1.68 Agentic AI/ML Engineer - Multimodal

FieldAIIrvine, CA
131dOnsite

About The Position

Our Field Foundation Model (FFM) powers a global fleet of autonomous robots that capture massive streams of multimodal data across diverse, dynamic environments every day. As part of the Insight Team our mission is to transform this raw, multimodal data into actionable insights that empower our customers and engineers to deliver value. Field-insight Foundation Model (FiFM) is at the core of how we transform multimodal data from autonomous robots into actionable insights. As an AI/ML Engineer on the FiFM team, you will drive research and model development for one of Field AI’s most ambitious initiatives. Your work will span computer vision, vision-language models (VLMs), multimodal scene understanding, and long-memory video analysis and search, with a strong emphasis on agentic AI (tool use, memory, multimodal retrieval-augmented generation).This is a full-cycle ML role: you’ll curate datasets, fine-tune and evaluate models, optimize inference, and deploy them into production. It’s a blend of applied research and engineering, requiring creativity, rapid experimentation, and rigorous problem-solving.
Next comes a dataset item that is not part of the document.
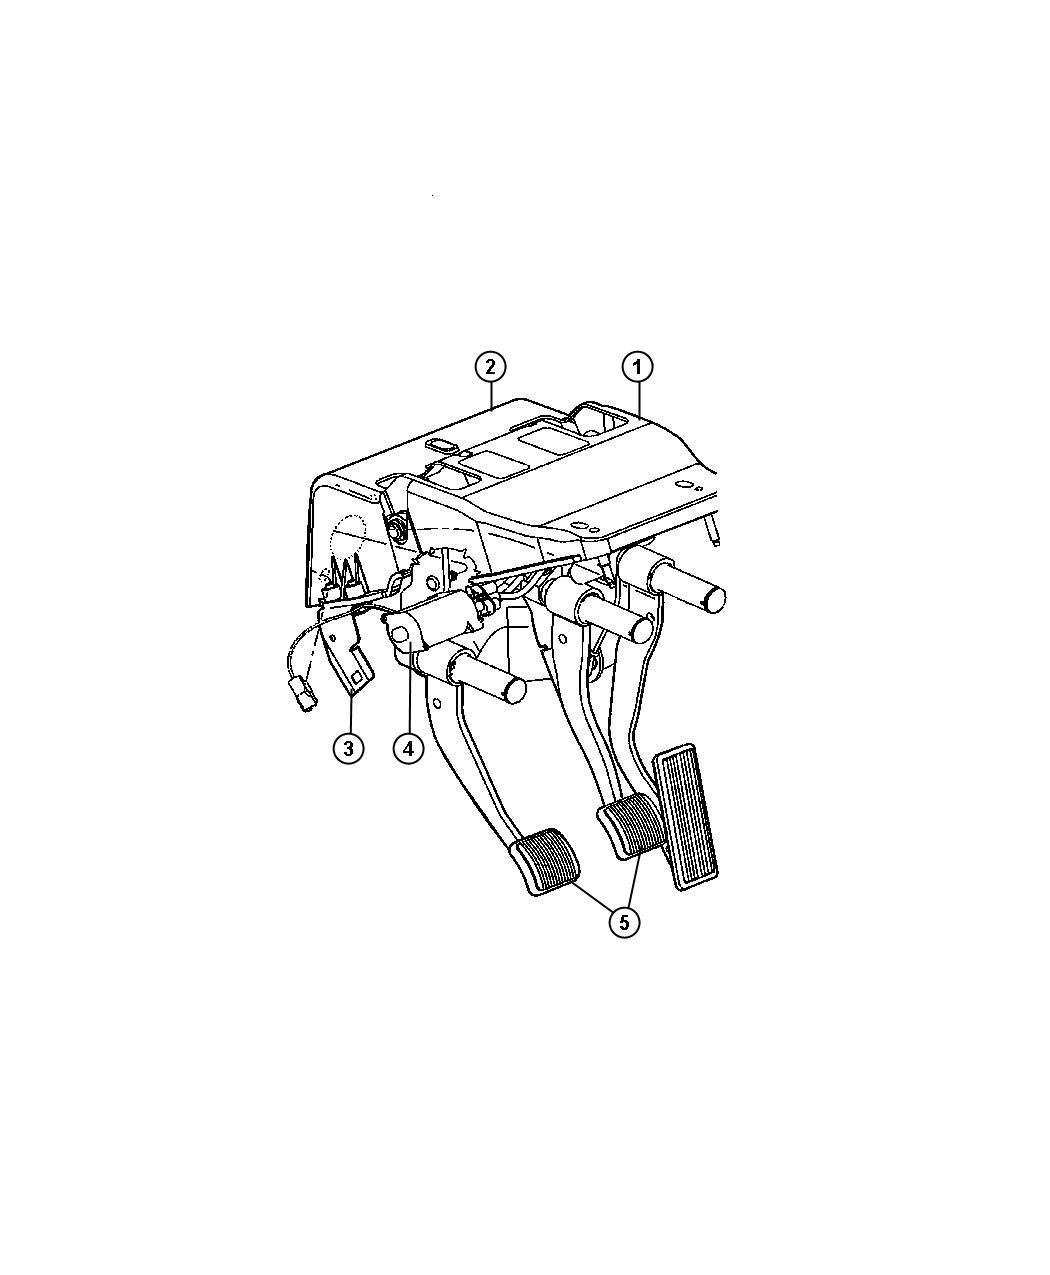 Dodge Ram 1500 Used for: PEDAL AND BRACKET. BRAKE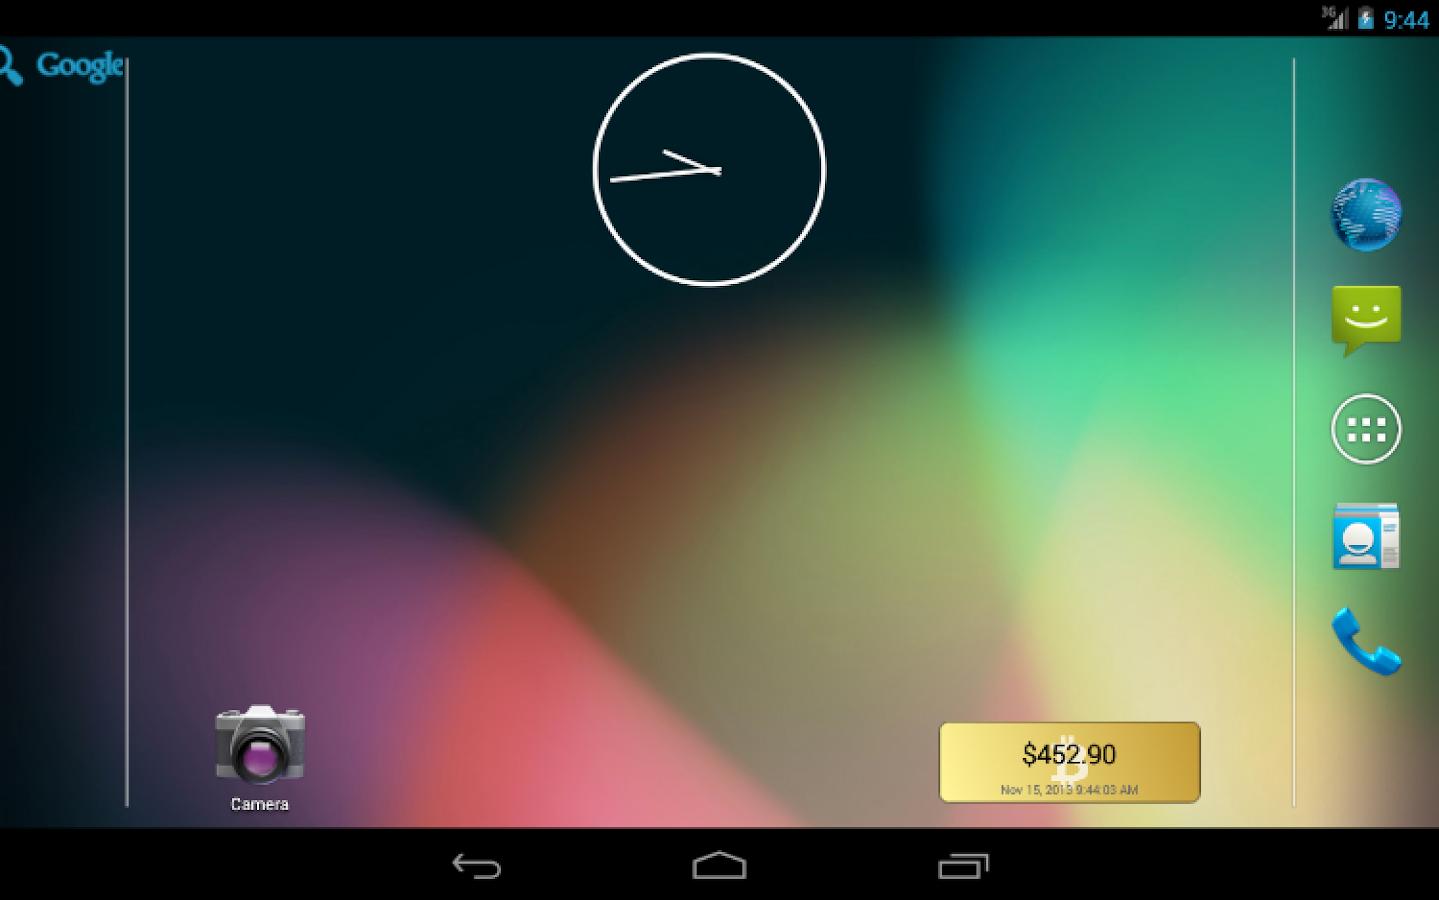 Bitcoin android widget : shopnow-q3zjjyu2 cf

While FiFM is your primary focus, you’ll also contribute to broader perception and insight-generation initiatives across Field AI.

Requirements

  • Master’s/Ph.D. in Computer Science, AI/ML, Robotics, or equivalent industry experience.
  • 2+ years of industry experience or relevant publications in CV/ML/AI.
  • Strong expertise in computer vision, video understanding, temporal modeling, and VLMs.
  • Proficiency in Python and PyTorch with production-level coding skills.
  • Experience building pipelines for large-scale video/image datasets.
  • Familiarity with AWS or other cloud platforms for ML training and deployment.
  • Understanding of MLOps best practices (CI/CD, experiment tracking).
  • Hands-on experience fine-tuning open-source multimodal models using HuggingFace, DeepSpeed, vLLM, FSDP, LoRA/QLoRA.
  • Knowledge of precision tradeoffs (FP16, bfloat16, quantization) and multi-GPU optimization.
  • Ability to design scalable evaluation pipelines for vision/VLMs and agent performance.

Nice To Haves

  • Experience with Agentic/RAG pipelines and knowledge graphs (LangChain, LangGraph, LlamaIndex, OpenSearch, FAISS, Pinecone).
  • Familiarity with agent operations logging and evaluation frameworks.
  • Background in optimization: token cost reduction, chunking strategies, reranking, and retrieval latency tuning.
  • Experience deploying models under quantized (int4/int8) and distributed multi-GPU inference.
  • Exposure to open-vocabulary detection, zero/few-shot learning, multimodal RAG.
  • Knowledge of temporal-spatial modeling (event/scene graphs).
  • Experience deploying AI in edge or resource-constrained environments.

Responsibilities

  • Train and fine-tune million- to billion-parameter multimodal models, with a focus on computer vision, video understanding, and vision-language integration.
  • Track state-of-the-art research, adapt novel algorithms, and integrate them into FiFM.
  • Curate datasets and develop tools to improve model interpretability.
  • Build scalable evaluation pipelines for vision and multimodal models.
  • Contribute to model observability, drift detection, and error classification.
  • Fine-tune and optimize open-source VLMs and multimodal embedding models for efficiency and robustness.
  • Build and optimize Multi-VectorRAG pipelines with vector DBs and knowledge graphs.
  • Create embedding-based memory and retrieval chains with token-efficient chunking strategies.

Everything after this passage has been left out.